[DESCRIPTION OF THE TASK] Please keep pictures out and return the lines below exactly, from the one holding "Illinois_backyard_wedding_0011.jpg" through the last, both included.

[DATA]
---------------

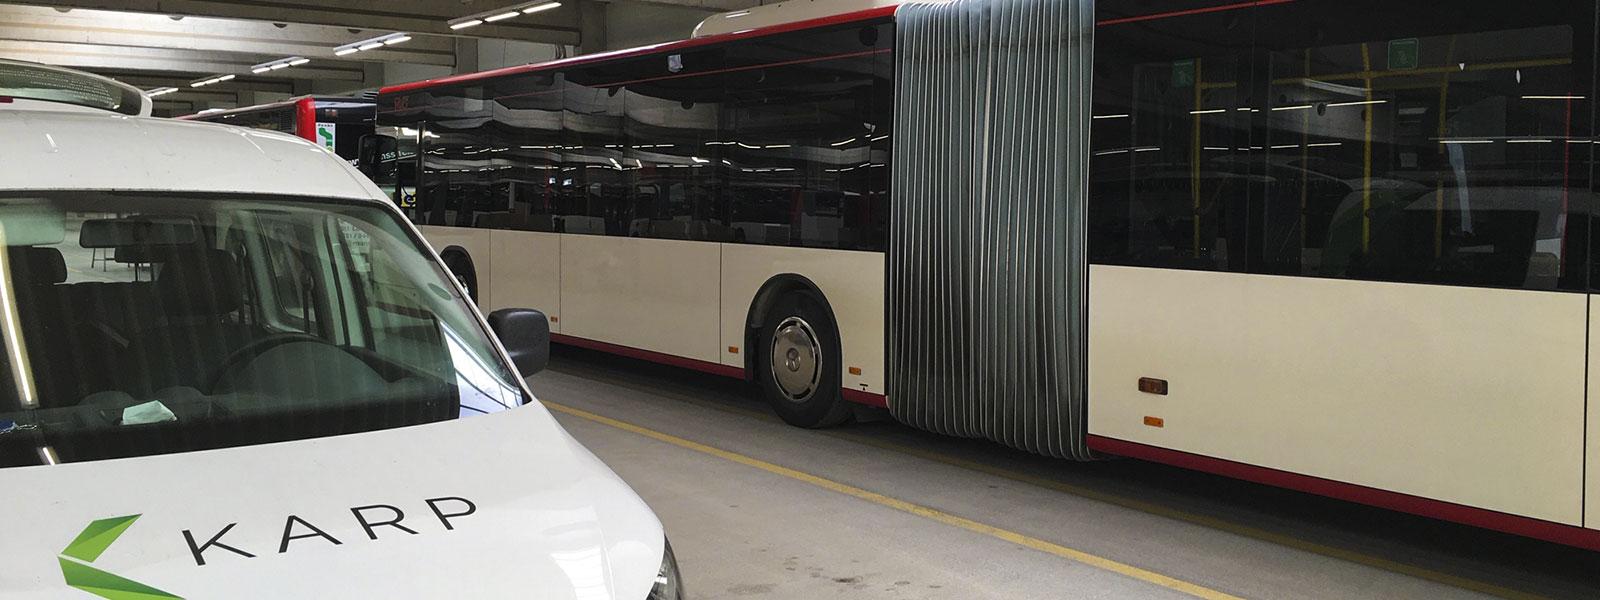 Karp GmbH Fahrzeugeinbauten ITCS Tetra BG-Fis/ Ifis/ Dfi WLAN Ortungssysteme
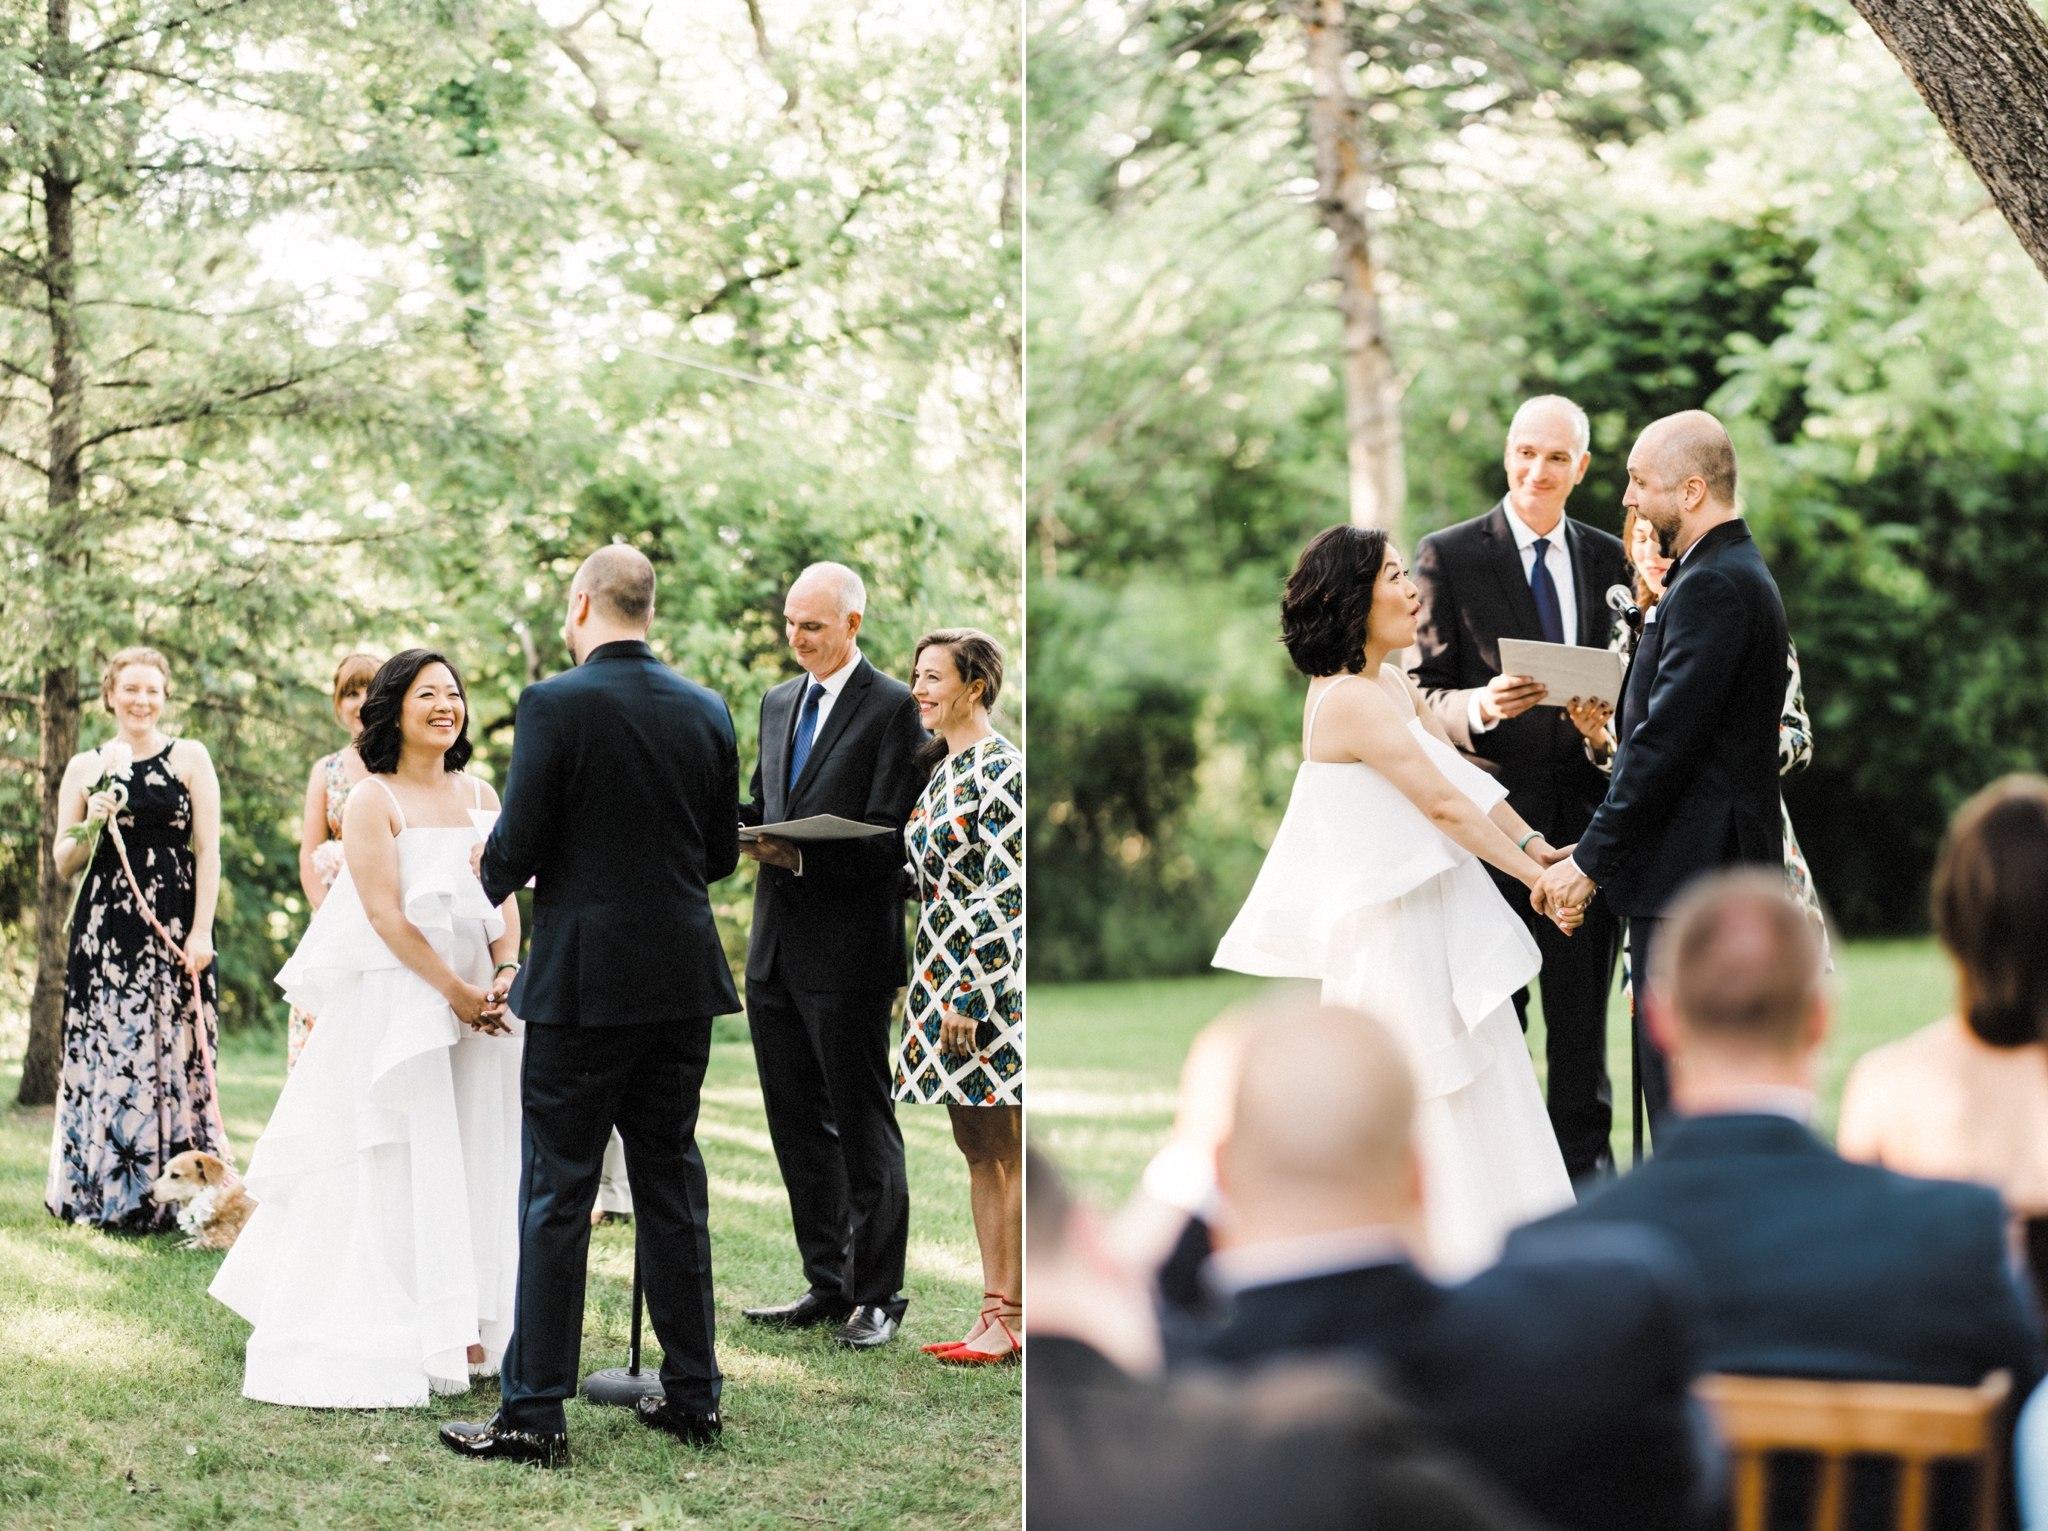 Illinois_backyard_wedding_0011.jpg
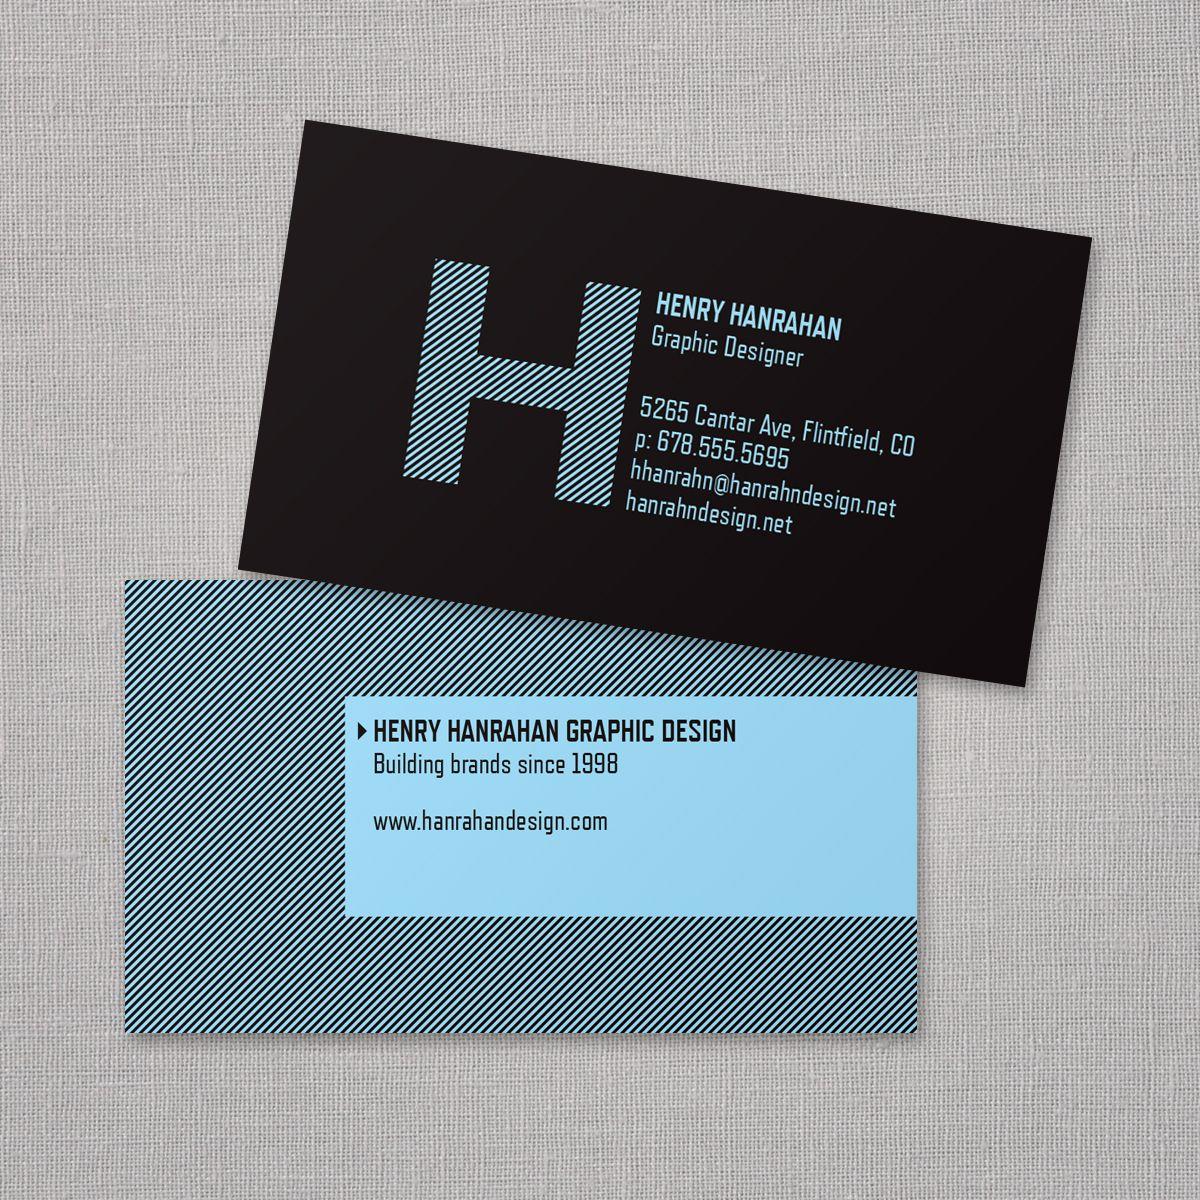 Vistaprint Promo Code For 500 Business Cards | Handmade ...
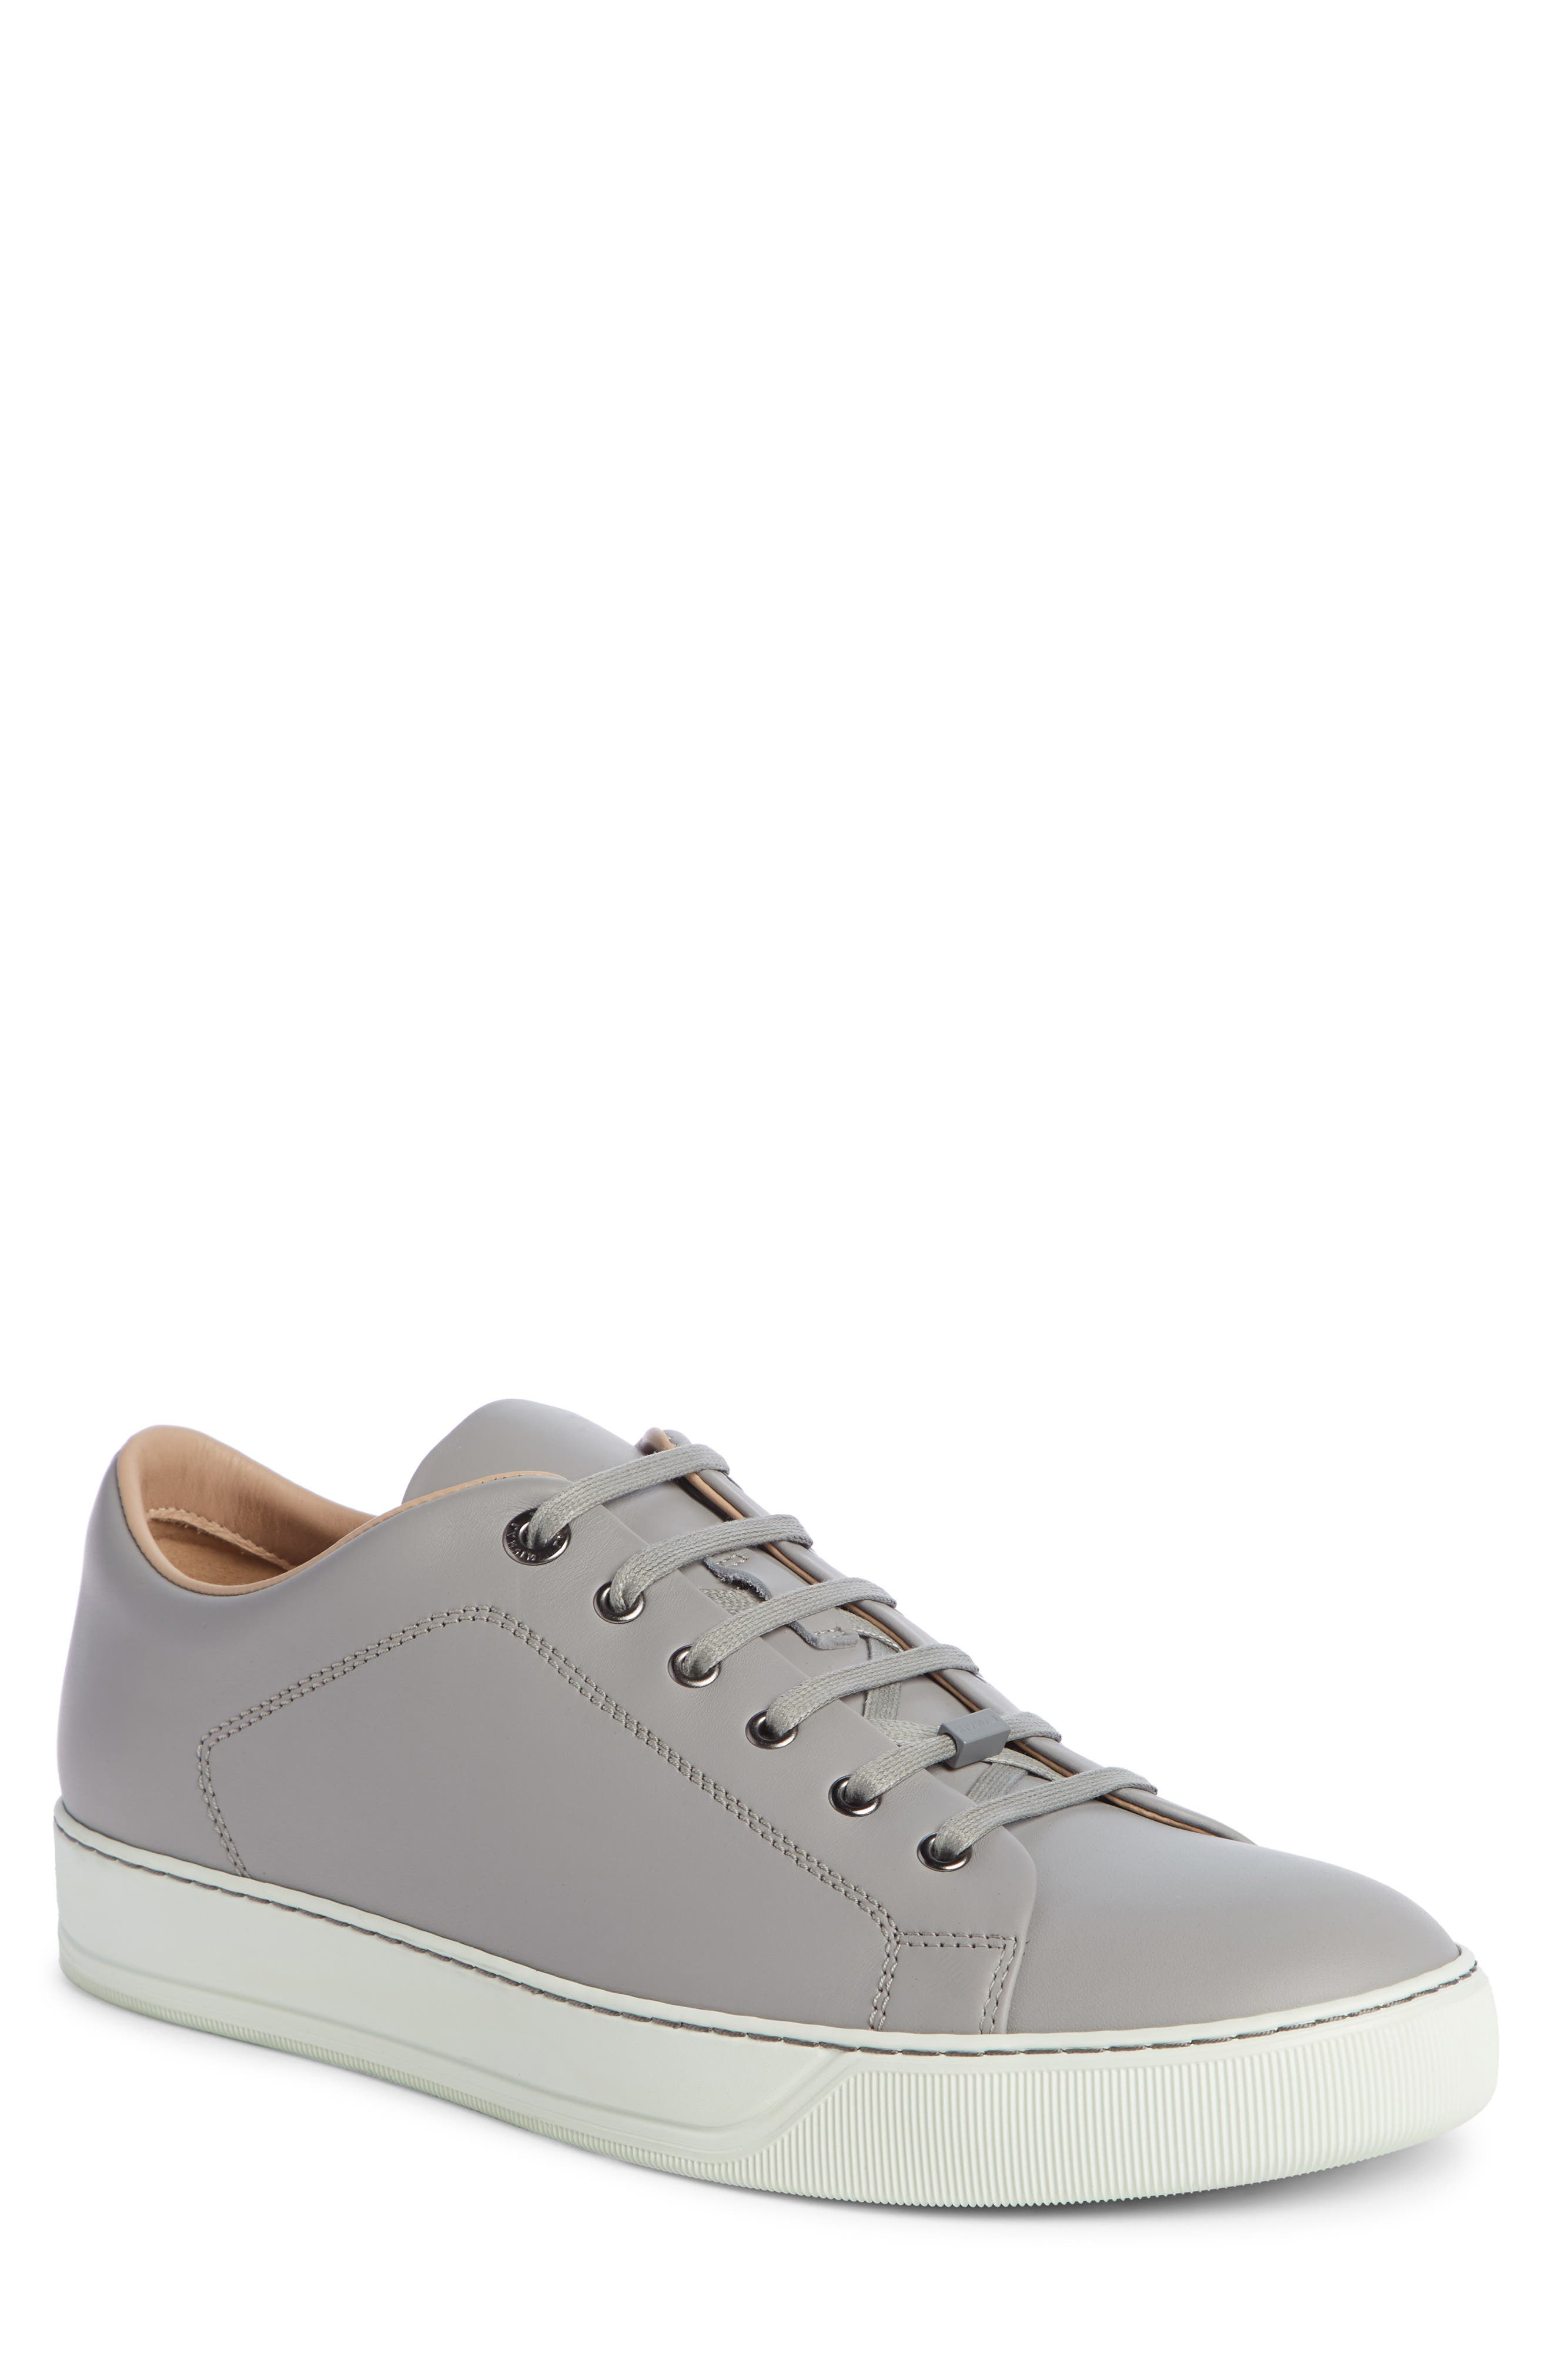 Frye Nappa Sneaker,                             Main thumbnail 1, color,                             022

---------------

[RESULT FOR THIS EXERCISE]
 Illinois_backyard_wedding_0011.jpg
 Vistaprint Promo Code For 500 Business Cards | Handmade ...
 Frye Nappa Sneaker,                             Main thumbnail 1, color,                             022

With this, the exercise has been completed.